Seit Monaten wird im Kanton Schwyz hitzig über den Beitritt zu HarmoS diskutiert. Nun hat der Kantonsrat am 22. April endlich Klarheit geschaffen! Mit einer Zweidrittelmehrheit wurde beschlossen, nicht auf die Vorlage einzutreten. Damit ist die unsägliche Blockierung durch die nur emotional geführte und unproduktive HarmoS-Debatte vom Tisch. Wir CVP-Kantonsräte haben diesen Entscheid massgebend mitgetragen, obwohl wir die Zielsetzungen von HarmoS und die damit verbundenen Massnahmen zum Abbau von Mobilitätshindernissen und zur Sicherung der Schulqualität befürworten. Warum? Wir wollen die Entwicklung unserer Schulen nicht abbremsen, sondern den Schulträgern in den Gemeinden ermöglichen, ihre Zweijahreskindergärten und ihre Tagesstrukturen bedürfnisgerecht und im eigenen Tempo einzuführen. Dazu braucht es das HarmoS-Diktat nicht. Auch bei der Lehrplan- und Lehrmittelgestaltung – dem wichtigsten HarmoS-Bereich – wird der Kanton Schwyz so oder so beim neuen Deutschschweizer Lehrplan mitmachen. Die wesentlichen Ziele von HarmoS können also auch ohne Konkordat erreicht werden. Zudem können wir ohne Konkordat unseren bildungspolitischen Spielraum genau da weiterhin aufrecht erhalten, wo es sinnvoll und notwendig ist. Jetzt sind die Voraussetzungen geschaffen, um auch künftig mit Strukturen zu arbeiten, die den Verhältnissen vor Ort angepasst sind und die trotzdem Rücksicht auf die Mobilitätsbedürfnisse der Bevölkerung nehmen. Die CVP wird sich weiterhin dafür einsetzten!

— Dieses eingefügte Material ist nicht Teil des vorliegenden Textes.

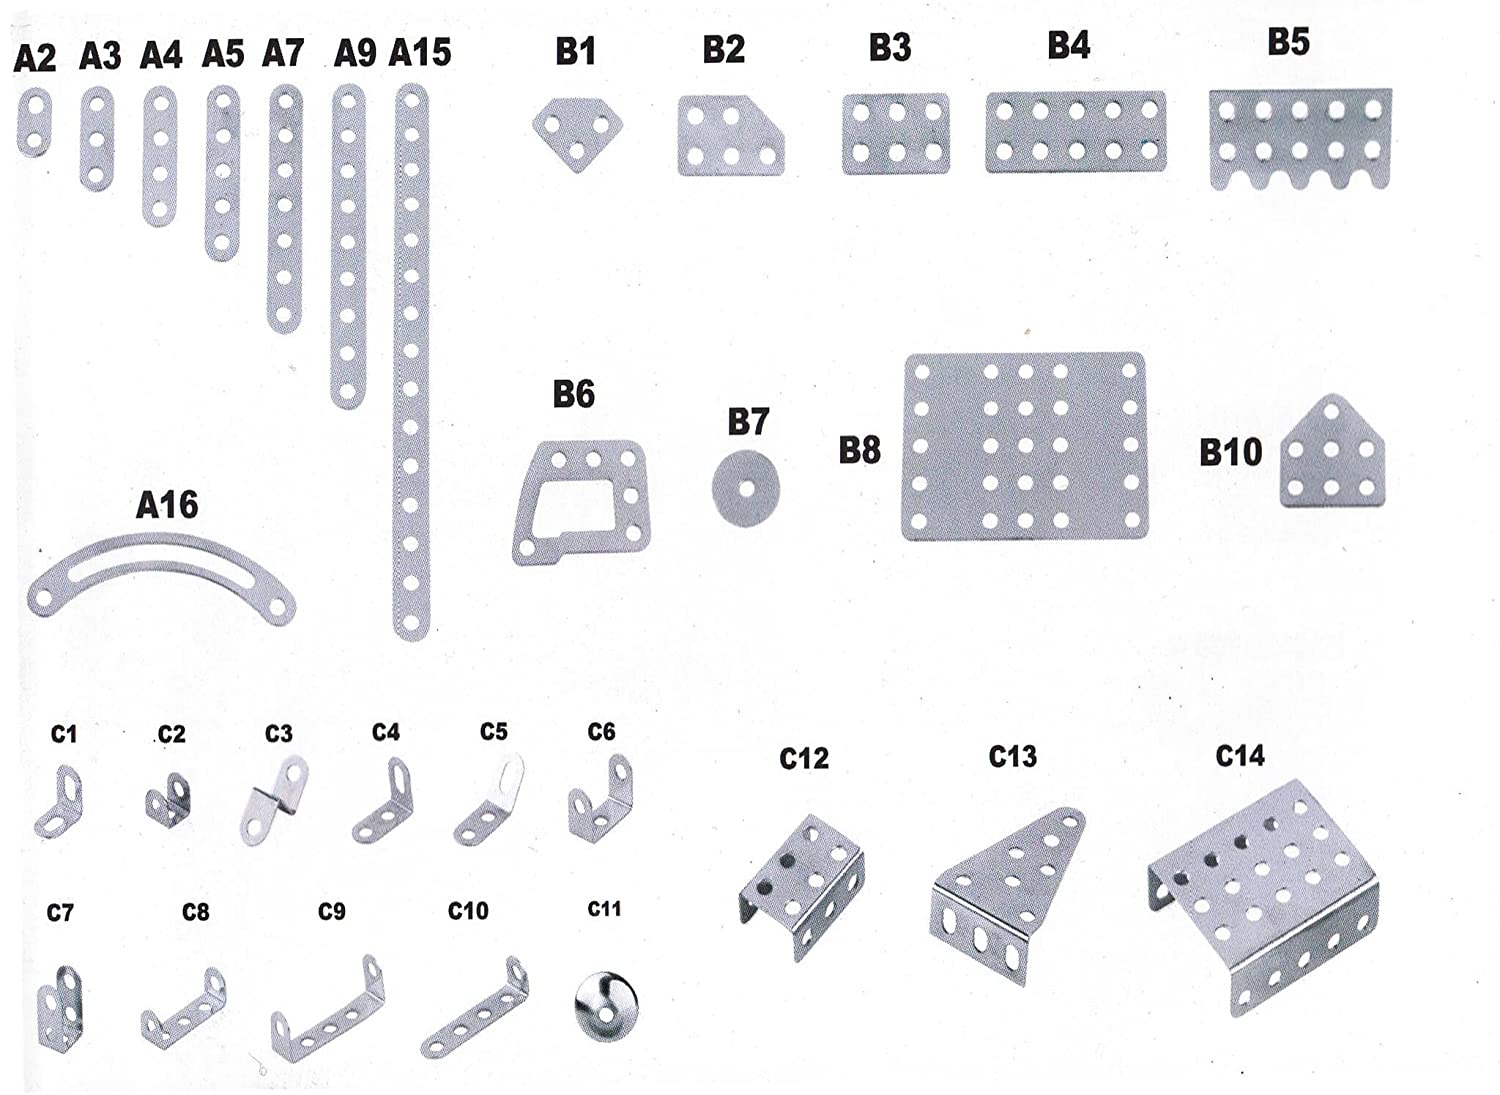 لعبة ميكانو - بناء وتركيب 30 نموذج - العاب البناء والتركيب

Exporterfolge beflügeln Binnenwirtschaft

Rund 15 Prozent der kleinen und mittleren Unternehmen in der Schweiz exportieren Produkte und Dienstleistungen. Ein noch höherer Anteil beliefert andere Firmen, die im Export tätig sind. Doch selbst den fast ausschliesslich binnenorientierten Branchen wie der Bauwirtschaft ist klar: Ein stotternder Exportmotor bedeutet weniger Aufträge und weniger Arbeitsplätze. Kürzlich drückte es Peter Spuhler gegenüber seiner SVP-Parteikollegin Jasmin Hutter so aus: Wenn die exportierenden Firmen bei einem Nein zu den Bilateralen ins Schleudern kommen und weniger Produktionsstätten und Lagerhallen bauen, verkaufst du nicht mehr viele Baumaschinen.

 

Ich kann diesen Zusammenhang aus eigener Erfahrung bestätigen. Seit dem Inkrafttreten der bilateralen Verträge I am 1. Juni 2002 und dem ungehinderten Zugang zum europäischen Markt kam Schub in die Schweizer Wirtschaft wie auch in viele KMU’s, mit denen ich geschäftlich täglich zu tun habe. Eine Ablehnung der Personenfreizügigkeit mit der EU und somit der bilateralen Verträge insgesamt käme mir vor wie das bekannte Absägen des Astes, auf dem wir sitzen. Führen wir die erfolgreichen Bilateralen mit einem Ja zur Personenfreizügigkeit fort!